В тенорах, особенно русских, много сердца и боли, но есть и распутство, а вот баритон – какое мужество и мудрость, первородная скорбь.
У всех нас весеннее неповторяемое, а помнится до смерти: великая пятница с выносом плащаницы, погребение с каноном «Плач Богородицы» и полунощница перед пасхальным колоколом – вечер со страстной свечой, и ночь с неугасимою, пасхальной, туманная воскресная заря. Как хорошо жить на свете!

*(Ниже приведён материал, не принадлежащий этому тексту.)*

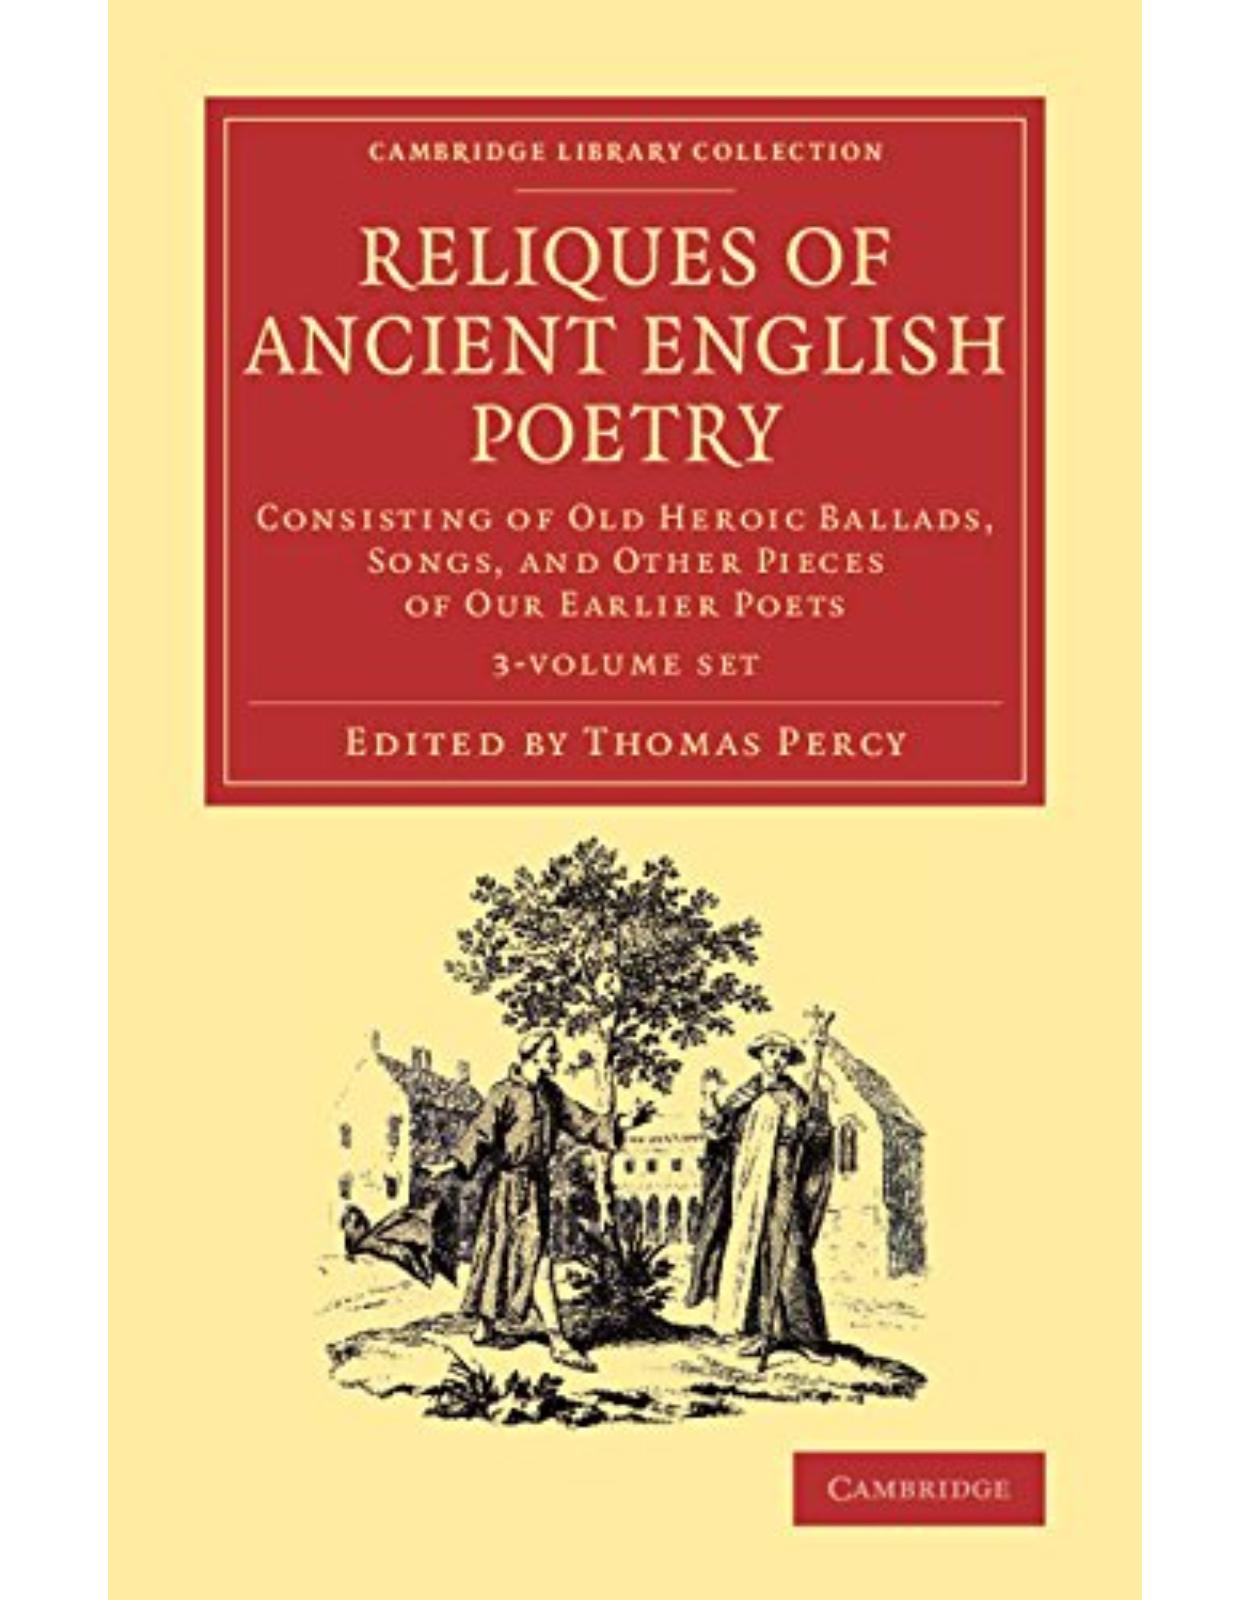 Reliques of Ancient English Poetry 3 Volume Set: Volume 1: Consisting of Old Heroic Ballads, Songs, and Other Pieces of our Earlier Poets (Cambridge Library Collection - Literary Studies)

После бани пил чай и ни о чем не думал. Высплюсь и с завтрашнего дня в поход: кого-нибудь да застану, не все ж по дачам. В Москву я приезжал с пустым карманом, рассчитывая на аванс.
Из моего недуманья и китайского запала вывел меня Бурдон. Мне стало очень неловко, я чувствовал себя виноватым, я только не знал, на чем разыгралась трагедия с Аннушкой, на «Нежити» или на «Ховале». Но странно, особого потрясения я не заметил: все та же наглая бабочка торчала из подбородка. Он был у Омона,6 французская труппа, и прямо от Омона – узнал от Дюбудома – сюда.